A Feathered Omen

At the beginning my fourth year of teaching fourth grade at Highlands Elementary, I was heading heading south on Highway 280 on my first day of school.

Highway 280 is usually blanketed in fog this time of year (summer) and today was no exception. I drive this route over 200 times a year and you develop a certain flow to your commute and I look forward to certain landmarks on my southward journey into San Mateo County. The first is a mile or two after the 280 and 238 split, when the tree line falls away to reveal the wooded rolling hills of the coast range that rise up from that crack in the earth known as San Andreas Fault. As I near Crystal Springs Reservoir, I scan the skies for raptors in general and bald eagles in particular. I have seen bald eagles on only three occasions in the past three years. Seeing an adult bald is always a good way to start my day, especially on the first day of school, but today my morning was baldless.

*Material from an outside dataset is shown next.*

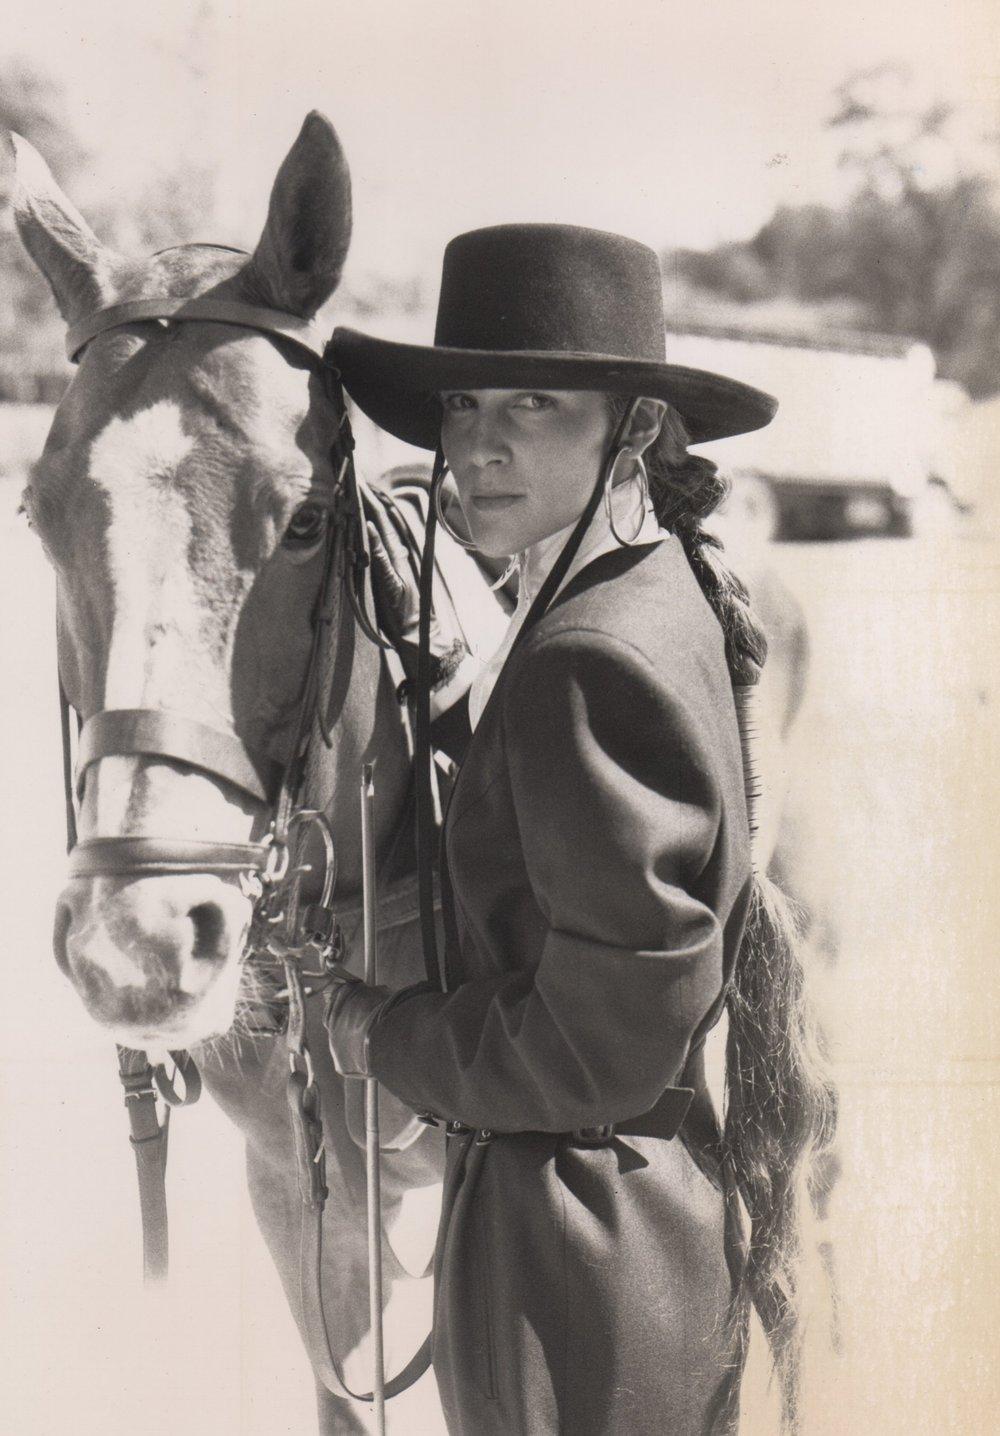 Eugenia Melian 1986
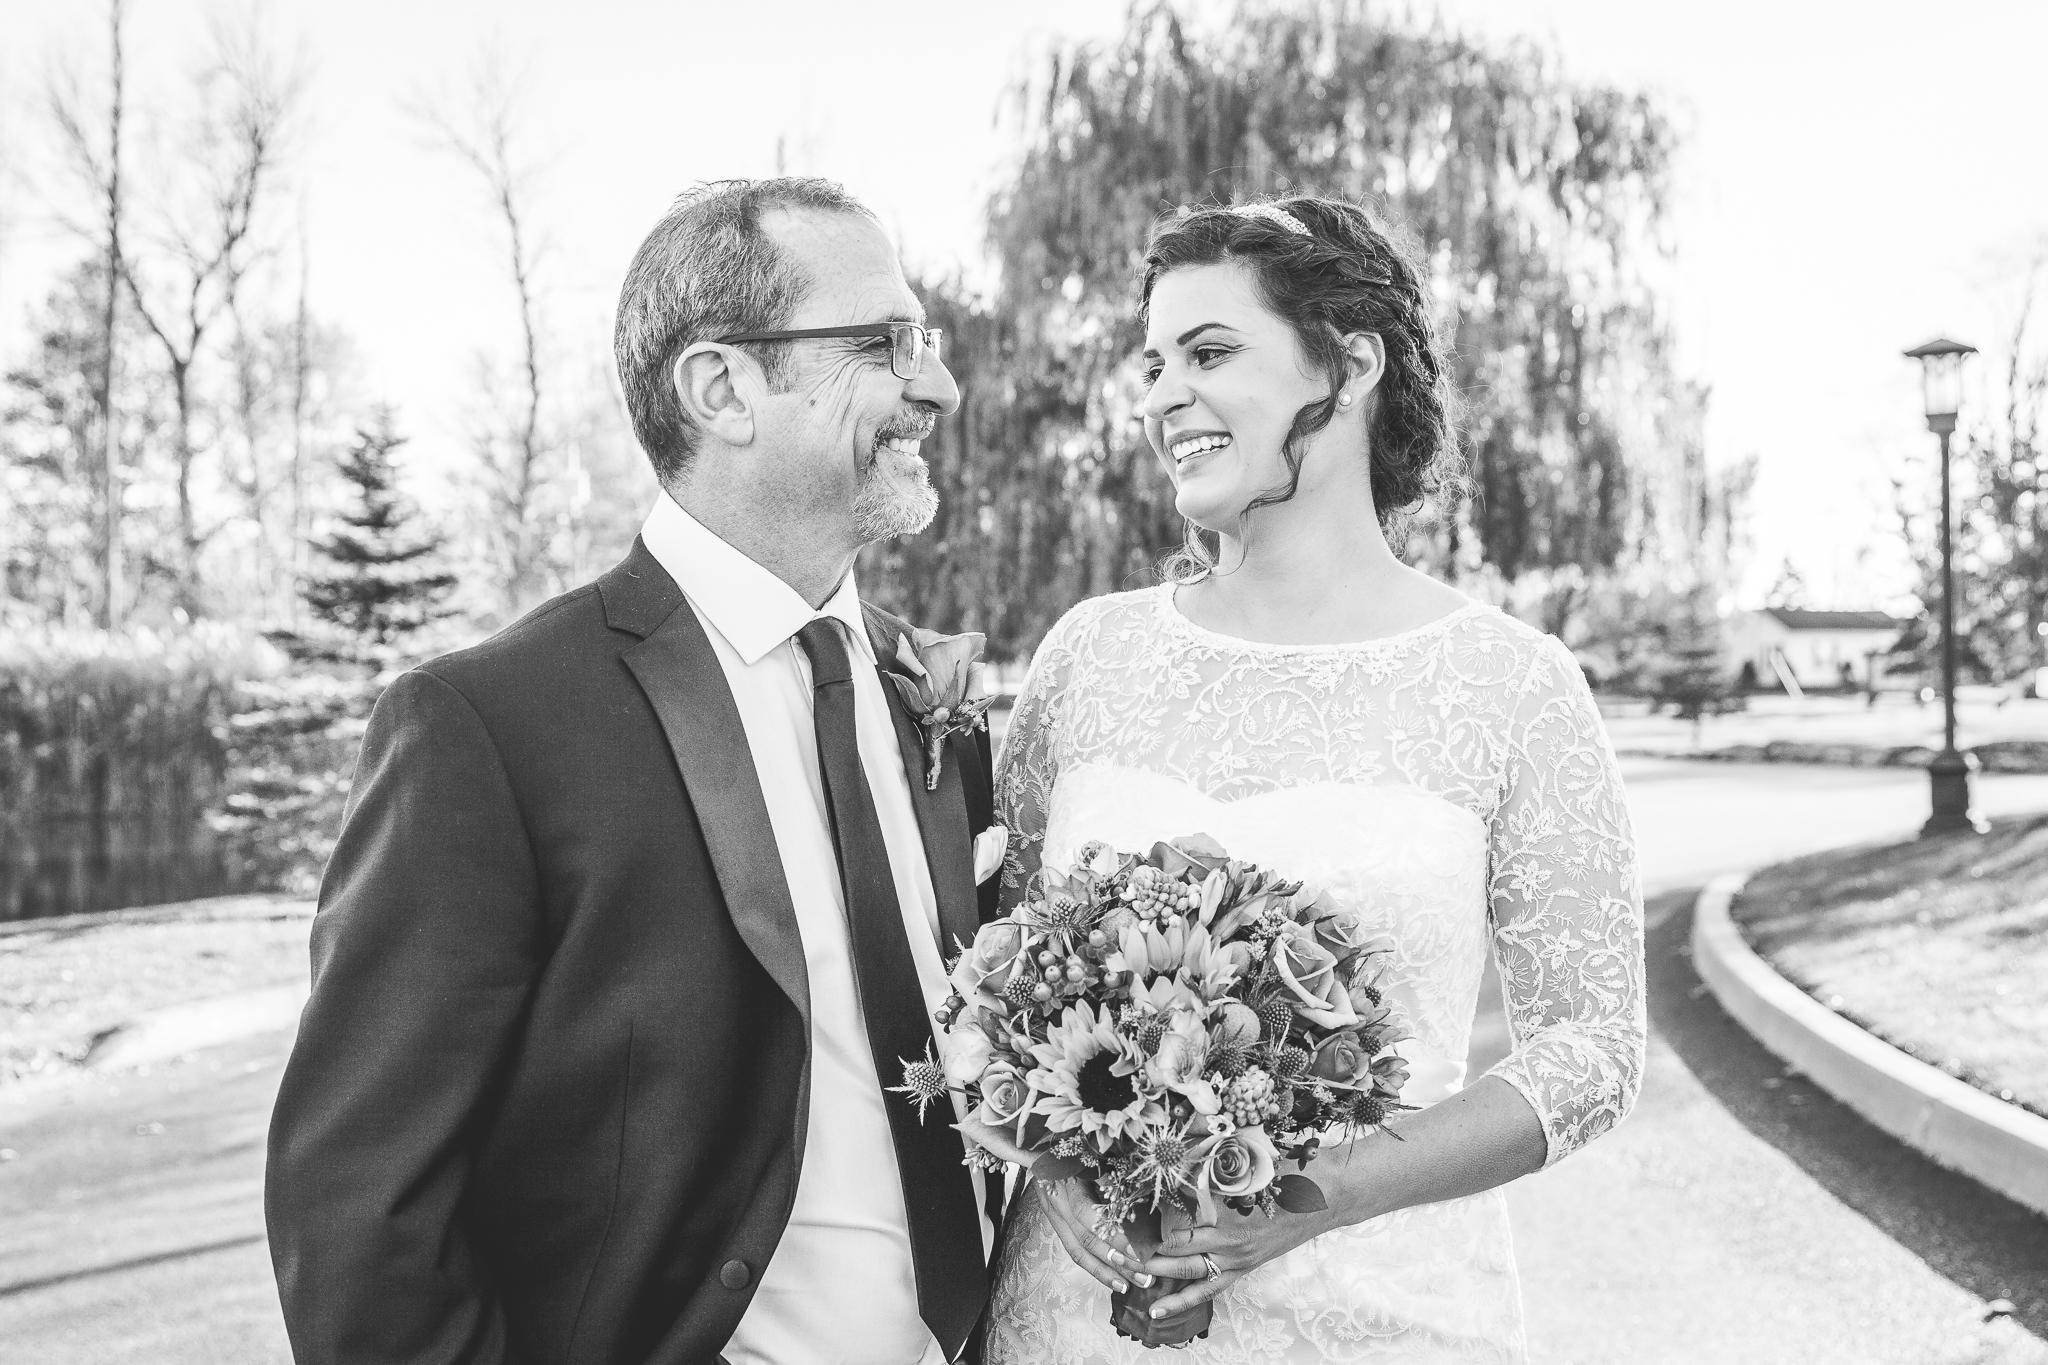 camuglia-whomstudio-chelsea_and_andy-nycphotographer-wedding-brooklyn-buffalo-timberlodge-037-0229.jpg

My next landmarks, in quick succession, were the Father Serra statue on the right, perpetually pointing to the west, the “Flintstone House” (price tag: $3,195,000), and the power tower level with the roadway on Crystal Springs Bridge, where a lone peregrine frequently perches. But this morning the tower was sans peregrine. I will check the tower on my afternoon homeward commute, when the helmeted wanderer is more reliable.

I exited 280 at the Bunker Hill turn off and then headed east, over the flow of Silicon Valley sludge, climbing the hill to the school. Just ahead, a white ghost passed over Bunker Hill Road, heading south. An excellent omen, our local white-tailed kite (Elanus leucurus). I parked and as I walk to my classroom I saw the kite alight on top of the tall pine (it’s lookout perch), like a Yuletide angel toping a Christmas tree. This certainly was the omen I had been looking for  This was going to be a great school year.

Scan 103

A white-tailed kite kiting. This species has been making a recovery in California, helped by green belts along roads and highways. The Highlands kites use the greenbelt that parallels Highway 280 as a hunting territory.